Rapid Procalcitonin Test in Newborns

Rapid quantitative procalcitonin measurement is useful in ruling out nosocomial infections in neonates admitted to intensive care units, according to a report in the Archives of Disease in Childhood: Fetal and Neonatal Edition for September.

"In a population of hospitalized term and preterm newborn infants...procalcitonin had an excellent negative predictive value for a cut-off value of 0.6 ng/mL, which suggests that procalcitonin measurement could be used to rule out late-onset sepsis," Dr. Aurelien Jacquot, from Hopital Arnaud de Villeneuve, Montpellier, France, and colleagues note.

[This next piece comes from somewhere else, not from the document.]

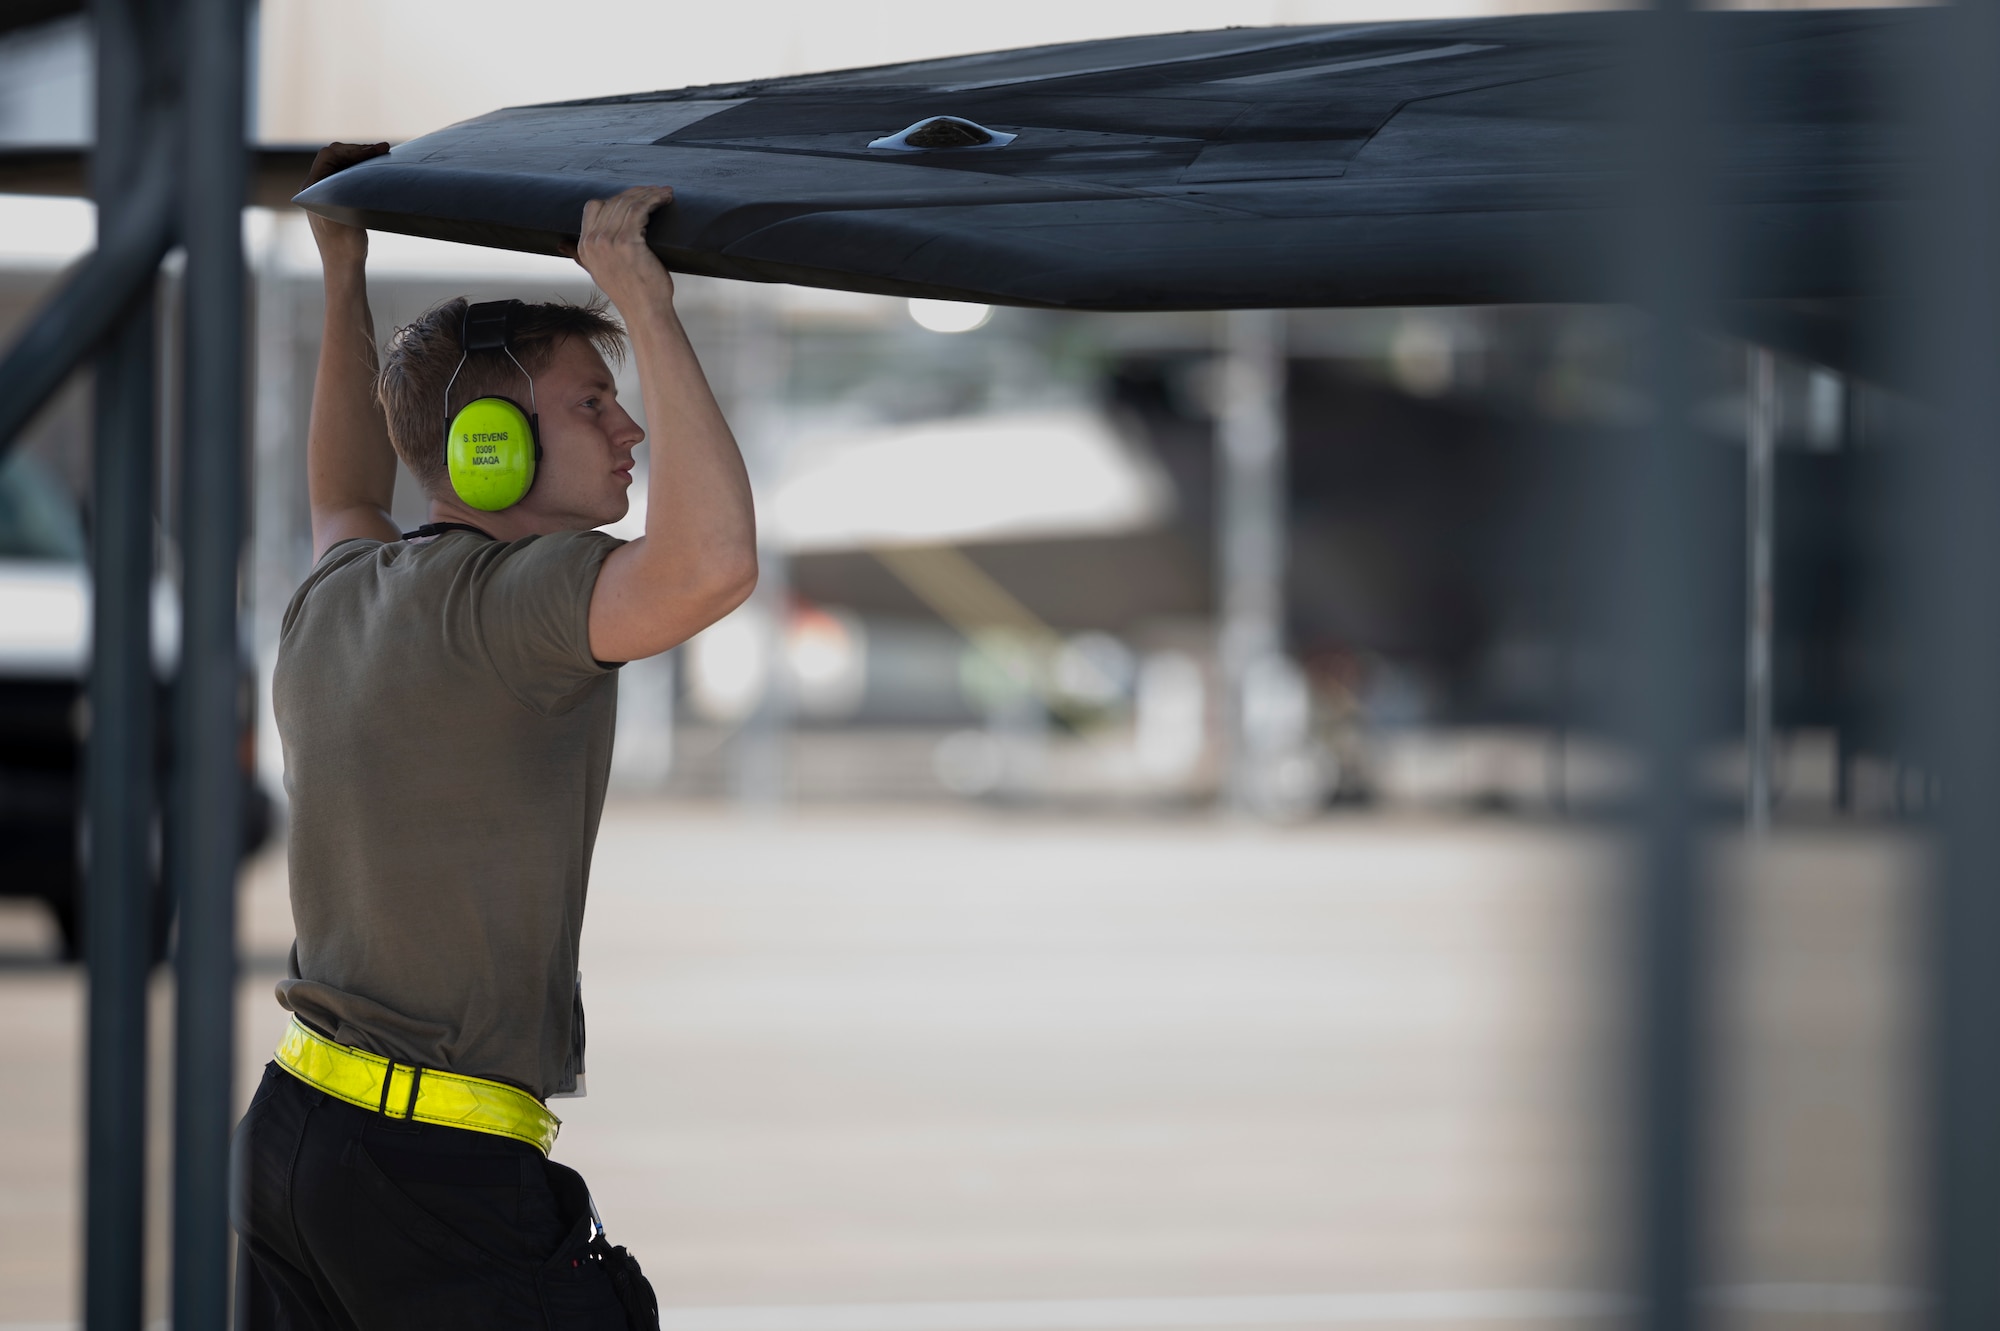 Crew chief inspects the wing of an aircraft

Late-onset sepsis, a common finding in neonatal intensive care units, is associated with both morbidity and mortality. Diagnosing the problem, however, can be difficult without specific clinical signs or biological markers in the first phase of infection, the researchers note.

Among the markers of inflammation, procalcitonin is more specific for bacterial infections than is C-reactive protein, the authors note. Monitoring of serum procalcitonin levels, they add, may help guide management of nosocomial infections. Moreover, a new automated and rapid quantitative test for procalcitonin is now available.

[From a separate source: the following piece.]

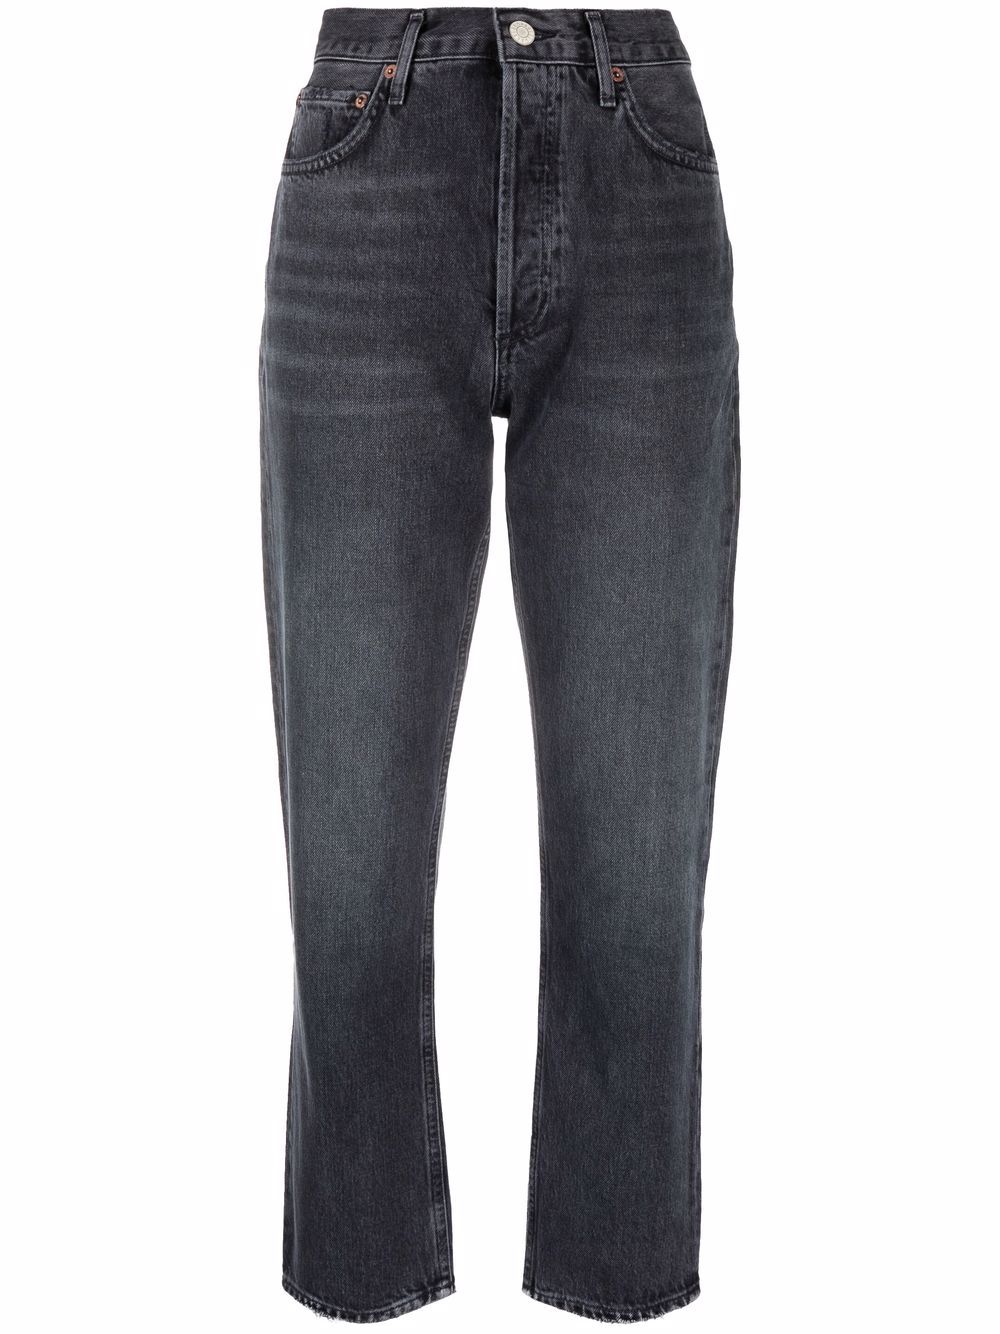 AGOLDE tapered-leg cropped jeans - Black von AGOLDE

In a prospective study involving all newborns admitted to a neonatal ICU with a clinical suspicion of infection, rapid quantitative procalcitonin testing was done on blood samples taken for C-reactive protein measurement.

All standard test parameters, including negative and positive predictive values as well as sensitivity and specificity, were calculated. Logistic regression analysis was used to identify the optimal cut-off value needed to achieve a negative predictive value for procalcitonin that was 15% or higher above that of C-reactive protein.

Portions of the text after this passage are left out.